DESCRIPTION (provided by applicant): A two year plan is proposed to apply a new tagging system to the analysis of specific RNAs in cancer. This new applied technology will enable rapid isolation and quantitative mass spectrometry analysis of RNA/protein complexes. The development of this tagging system will be performed using Chronic Myelogenous Leukemia, a cancerous hematopoietic stem cell disorder driven by the oncogene BcrAbl. The specific focus is on Lymphoid Enhancer Factor-1 mRNA, a transcription factor that mediates Wnt signaling and is an essential factor in CML. We have recently linked BcrAbl action to LEF-1 translation in CML cells, a novel observation since LEF-1 protein is produced by the actions of two internal ribosome entry sites that direct cap-independent initiation of translation. The goal is to analyze LEF-1 mRNA/protein complexes in CML and identify proteins that are sensitive to BcrAbl action. Since a key activity of BcrAbl oncogenic action is misregulated translation, the expectation is that new BcrAbl target proteins will be revealed. The first aim of this proposal is to create a series of LEF-1 mRNAs tagged by stem loops for strong and specific association to epitope-specific matrices and resins. Expression systems in CML cells will be devised such that the tagged RNA can be rapidly isolated either under physiological or denaturing conditions. Negative controls and proof-of-principle experiments will be carried out to make sure that the LEF1 mRNA complexes are authentic. The second aim will refine the expression system for the use of isotope-labeling media (12C6-lysine/12C6-arginine vs. 13C6-lysine/13C6-arginine), such that SILAC-based analyses can be used for quantitative mass spectrometry. Beyond the specific focus of LEF-1 translation in this application, the RNA-tagging method will be developed so that it can be applied to the analysis of different RNP complexes in many contexts: normal cells, cancer, and other aberrant, diseased cell states. The goal is to develop the method to make it reproducible, reliable and able to be established in cell lines, primary cells and whole organisms. Vectors for tagging RNA and proteins will be developed for general use.

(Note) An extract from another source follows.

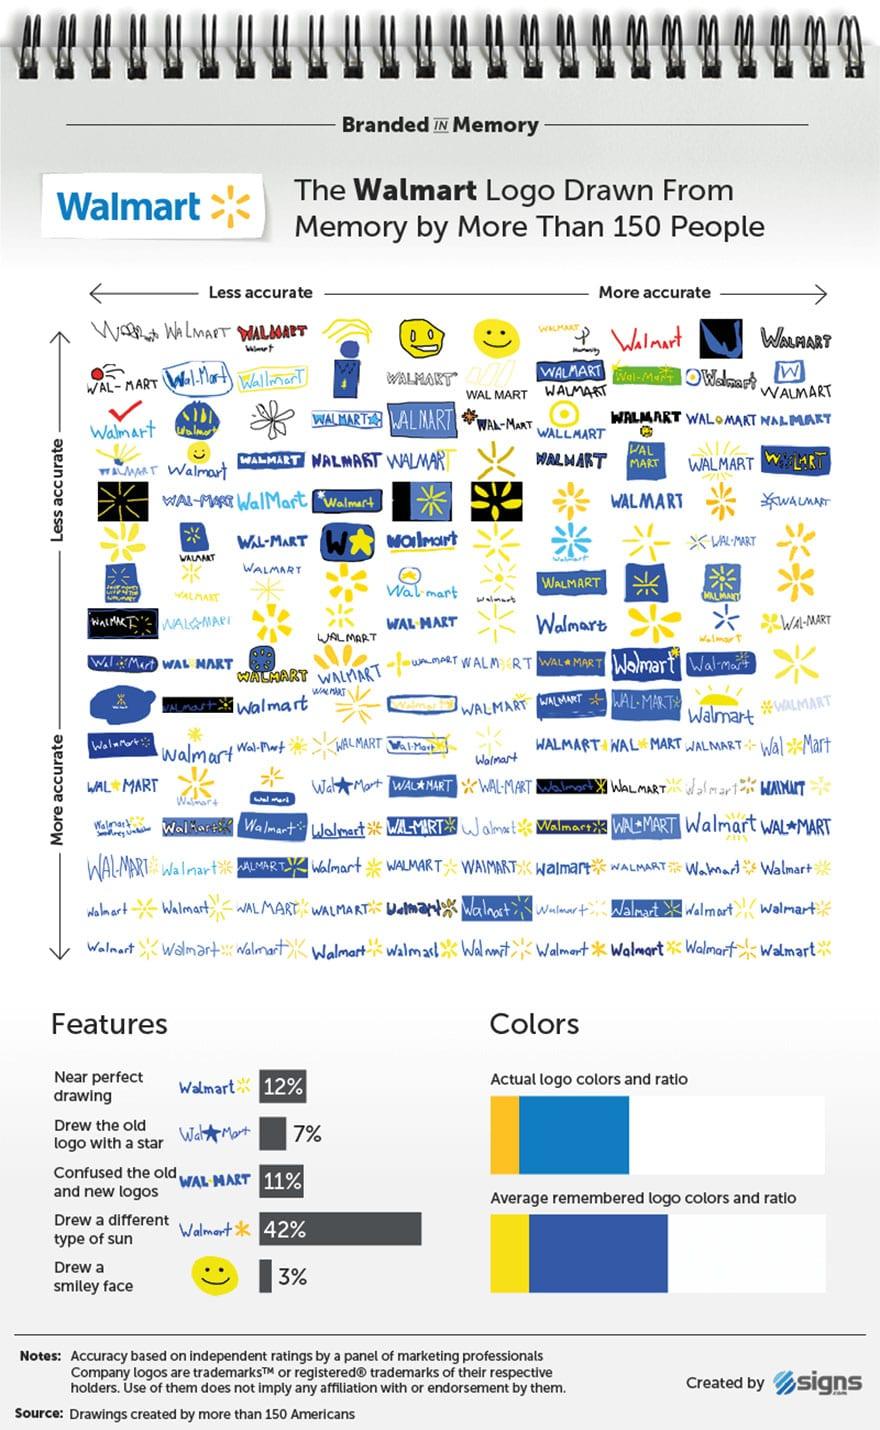 famous brand logos drawn from memory 27 59d24678dc47b  880 - Více než 150 lidí se pokusilo nakreslit 10 velmi slavných log zpaměti. Výsledky pobaví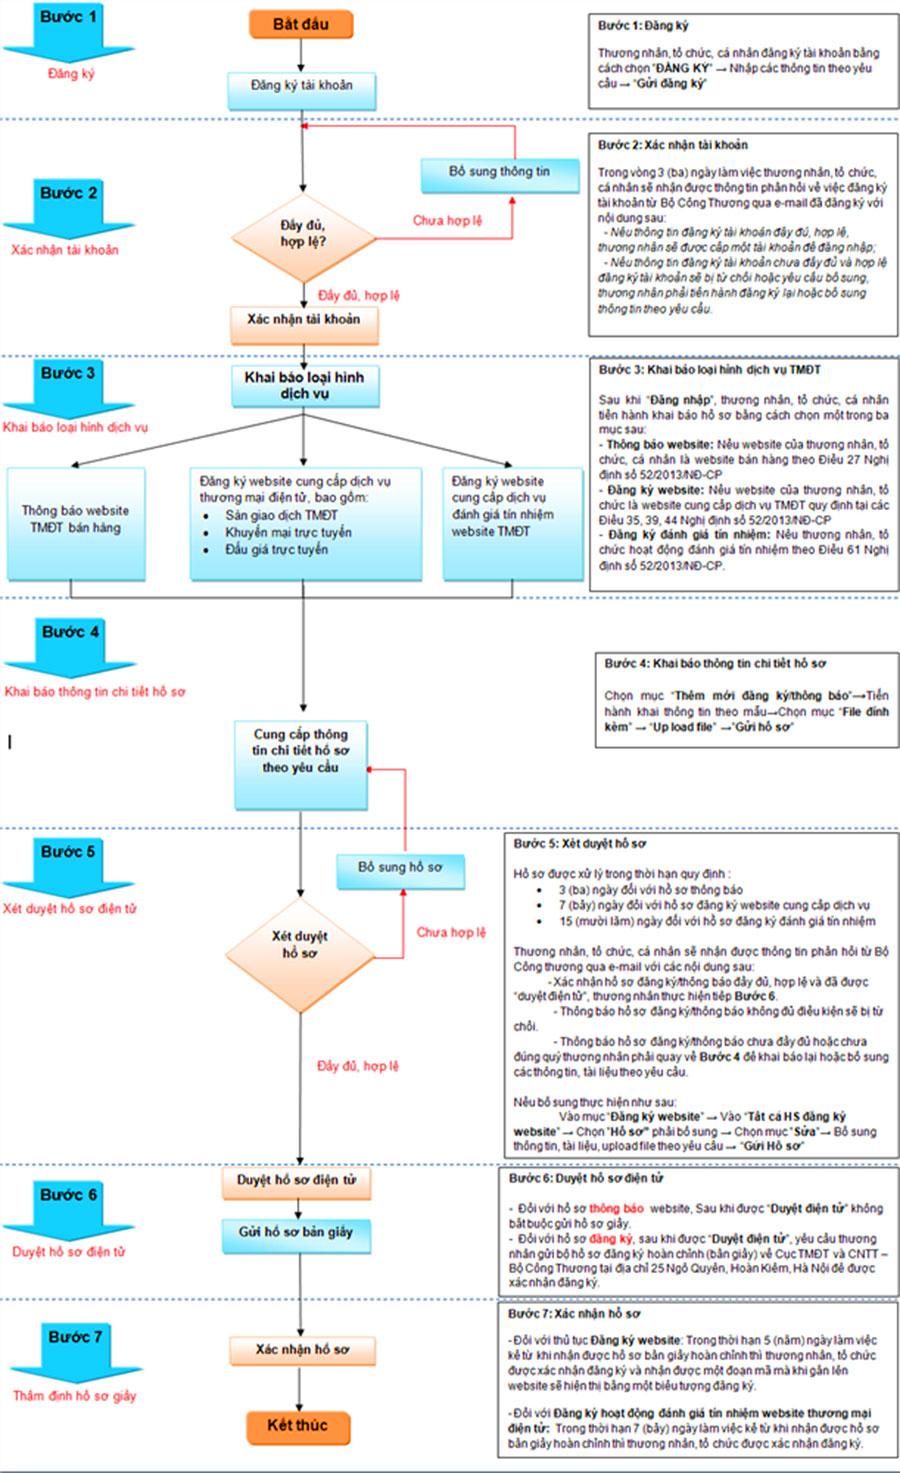 sơ đồ quy trình thông báo đăng ký website ứng dụng thương mại điện tử với bộ công thương

描述（由申请人提供）：提出了为期两年的计划，将新标记系统应用于癌症特定RNA的分析。这项新的应用技术将使RNA/蛋白质复合物的快速分离和定量质谱分析。该标记系统的发展将使用慢性粒细胞性白血病，这是一种由癌基因BCRABL驱动的癌造血干细胞疾病。特定的重点是淋巴增强子1 mRNA，这是一种介导Wnt信号传导的转录因子，是CML的重要因素。我们最近将BCRABL作用与CML细胞中的LEF-1翻译联系起来，这是一种新的观察结果，因为LEF-1蛋白是由两个内部核糖体进入位点的作用产生的，这些内部核糖体入口位点直接无关cap独立于翻译的启动。目的是分析CML中的LEF-1 mRNA/蛋白质复合物，并鉴定对BCRABL作用敏感的蛋白质。由于BCRABL致癌作用的关键活性是不正当调节的翻译，因此期望将揭示新的BCRABL靶蛋白。该提案的第一个目的是创建一系列由STEM循环标记的LEF-1 mRNA，以与表位特异性矩阵和树脂有很强的特定关联。将设计CML细胞中的表达系统，以便可以在生理或变性条件下快速分离标记的RNA。负面对照和原则实验将进行，以确保LEF1 mRNA复合物是真实的。第二个目的将完善用于使用同位素标记介质（12C6-赖氨酸/12C6-精氨酸与13C6-赖氨酸/13C6-精氨酸）的表达系统，因此可以将基于SILAC的分析用于定量质谱法。除了在本应用中LEF-1翻译的特定焦点之外，还将开发RNA标记方法，以便在许多情况下将其应用于对不同RNP复合物的分析：正常细胞，癌症和其他异常，患病的细胞状态。目的是开发使其可重现，可靠并能够在细胞系，原代细胞和整个生物体中建立的方法。将开发用于标记RNA和蛋白质的向量供一般使用。